Menu

TMX inline formatings tags support

2009-01-15
2013-04-24
  • Peter Tužinský

    I am currently working on support of tags in tinyTM segments. My prototype solution proposes to add source_tagged (text), target_tagged (text) fields. To store pure segment text with placeholders such as these ({1} text {2} ) where {1} is a start of a tag and {2} an end. Then two fields containing TMX fragments of these tags source_tmx_tags (text) and target_tmx_tags (text).  Other two fields containg arrays containing xid identifiers if header <tag> definitions of TMX are used for a placeholder source_tag_ids (varchar[]) target_tags_ids(varchar[]). Later there will be added a another form of tag normalization using placeholders not as start and end of a tag, rather as largest continuous formatting  information being a placeholder.
    Example:
    ({1}title{2}text{3} {1}=<a href="" title=", {2}= " >, {3}= </a>) , currently it is used like this {1}{2}title{3}{4}text{5}{6} when using <bpt> <ept>.  {1}=bpt containg <a href="" title=", {2}= sub containing title{3}=end of sub, {4}=end of bpt with ">,{5}= start of ept containing </a> {6}= end of ept. The first method uses less placeholder and it can be substituted quickly, the other stores the structure of tmx inline formatting tags and is more general. For searching the first may be more useful and is close to what Idiom uses.
    The search functions are not yet changed so this structure still does nothing. I am currently planning plSQL procedures needed to allow search on tagged segments. I have a Java commandline based TMX parser and importer into TinyTM that stores formatting.
    Please comment on this approach. Codes will be published soon when cleaned properly and thoroughly commented.

     
    • Frank Bergmann

      Frank Bergmann - 2009-01-20

      Hi Peter,

      > My prototype solution proposes to add source_tagged (text),
      > target_tagged (text) fields

      Ok.... Could you please provide a complete (updated) DDL (data description language - create table xxxx ...) for the TinyTM tables?

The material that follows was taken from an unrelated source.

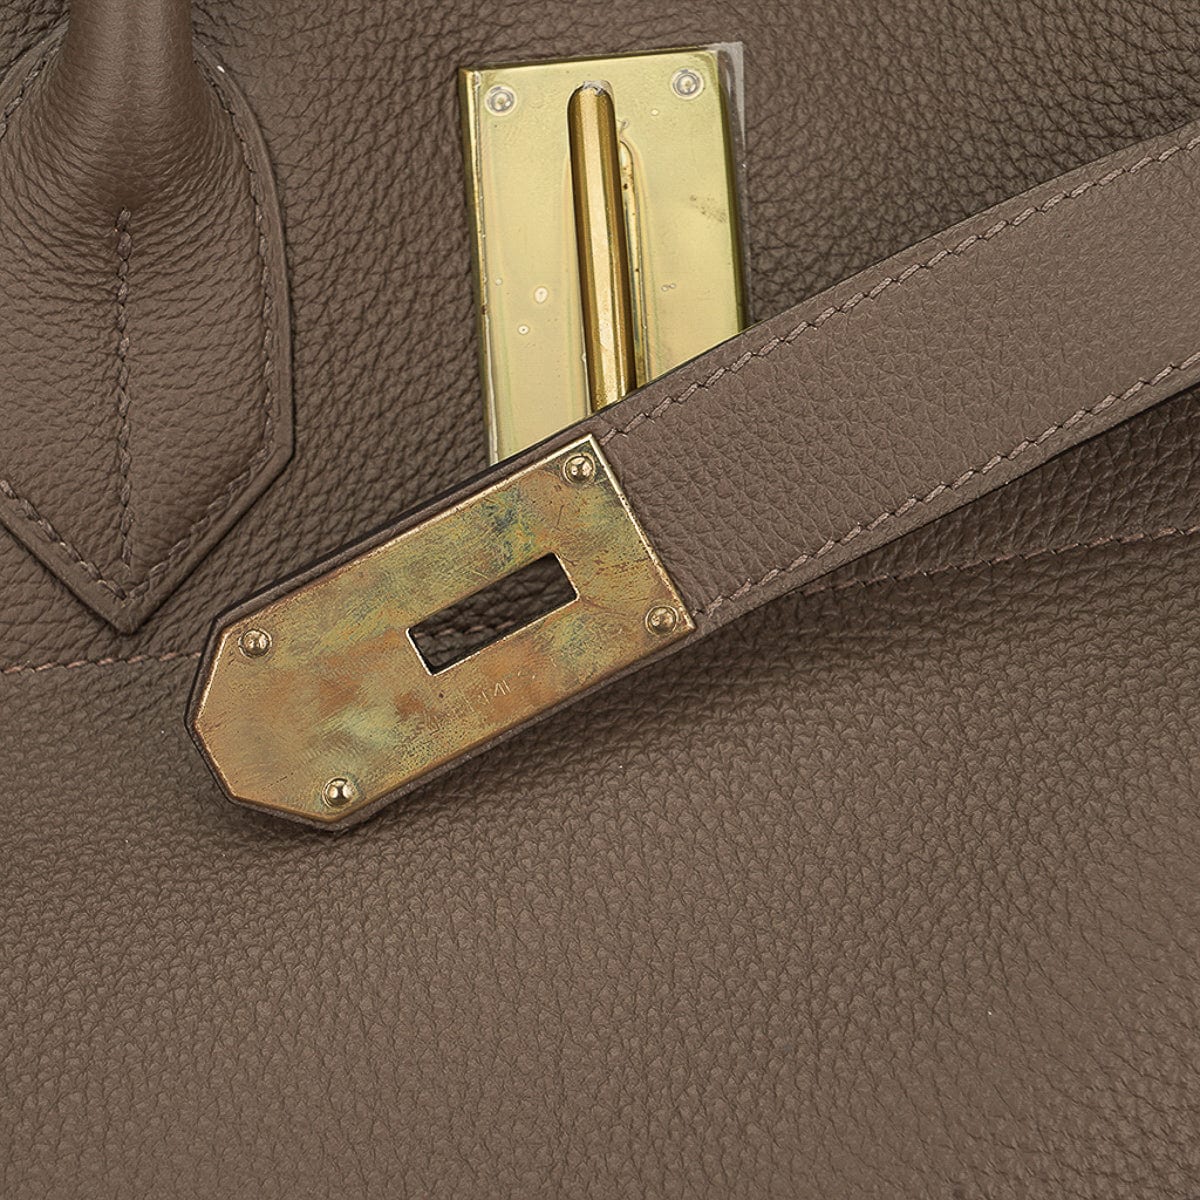 Hermès Togo HAC Birkin 50 - Brown Luggage and Travel, Handbags - HER507267

      Storing key-value lists such as your tag - content structure in a database is an important challenge and there is apparently no ideal solution. My main considerations would be:

      - Performance: This needs to be fast when processing millions of segments...

      - Compatibility: Maybe the code should also work with MySQL or Oracle?

      Storing placeholders in an array seems an elegant solution for PostgreSQL, but I'm not 100% sure about the performance of such an option. The main question is: Do we need to look into the placeholder array when searching for segments? If the answer is no, then everything is OK...

      In my old days working at Volkswagen I've seen an apparently very dirty way to code key-value pairs in the DB as a long "text" field: "key1=value1, key2=value2, ...". I was amazed by this "dirty" structure, but veteran DB administrators told me that this was the result of a long optimization project and that (with IBM DB2) this was by far the fastest solution...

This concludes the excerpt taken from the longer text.